Aspirin can save your life

Like some fairy tale medicine, according to research, it reduces the risk of developing colon cancer (colorectal cancer), especially in people with a family history of this disease, known as Lynch syndrome.

Untreated colorectal cancer is, as a whole, a deadly disease and is responsible for the death of 25 percent of those who die from all malignant diseases combined.

Because of the danger that lurks in middle-aged people, screening has been recommended for years, which excludes cancer or detects it in an early, curable stage. Prevention has always been reduced to accepting the recommended diet, which hardly anyone takes seriously because it is essentially naive.

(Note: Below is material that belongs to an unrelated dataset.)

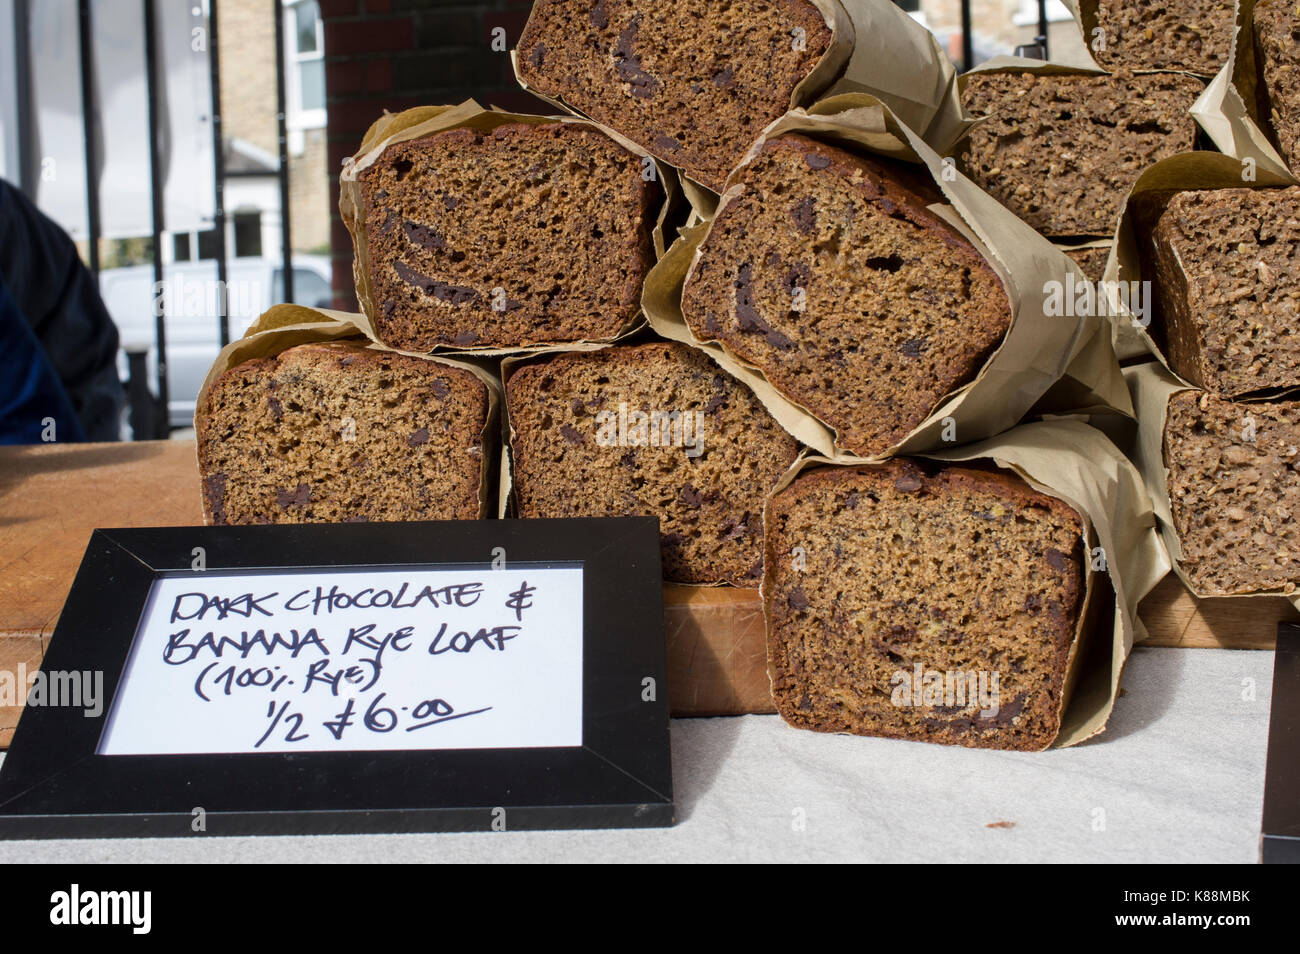 Dark chocolate and banana rye loaf breads in an outdoor market in London Stock Photo

All persons between the ages of 50 and 75 are candidates for screening for this disease. A small problem is that the main test, the colonoscopy, carries certain inconveniences, more aesthetic and psychological than physical, so that almost everyone, especially men, fearing an uncomfortable examination of their colon, entrusts their colon to colonoscopists only as a last resort, usually with the belated question of the desperate: why just me?

Bearing in mind above all the cowardice of men, who regardless of education and social status turn a blind eye to the tragic statistics of colorectal cancer, researchers in Newcastle from 1999 to 2005 followed 861 people without any signs of the disease, but with information that there was a family history of the disease. hereditary form of colon cancer, which is a warning sign. All monitored persons swallowed two 300 mg “aspirin” tablets or a placebo per day. Prevention with “aspirin” was started, but it did not always last equally.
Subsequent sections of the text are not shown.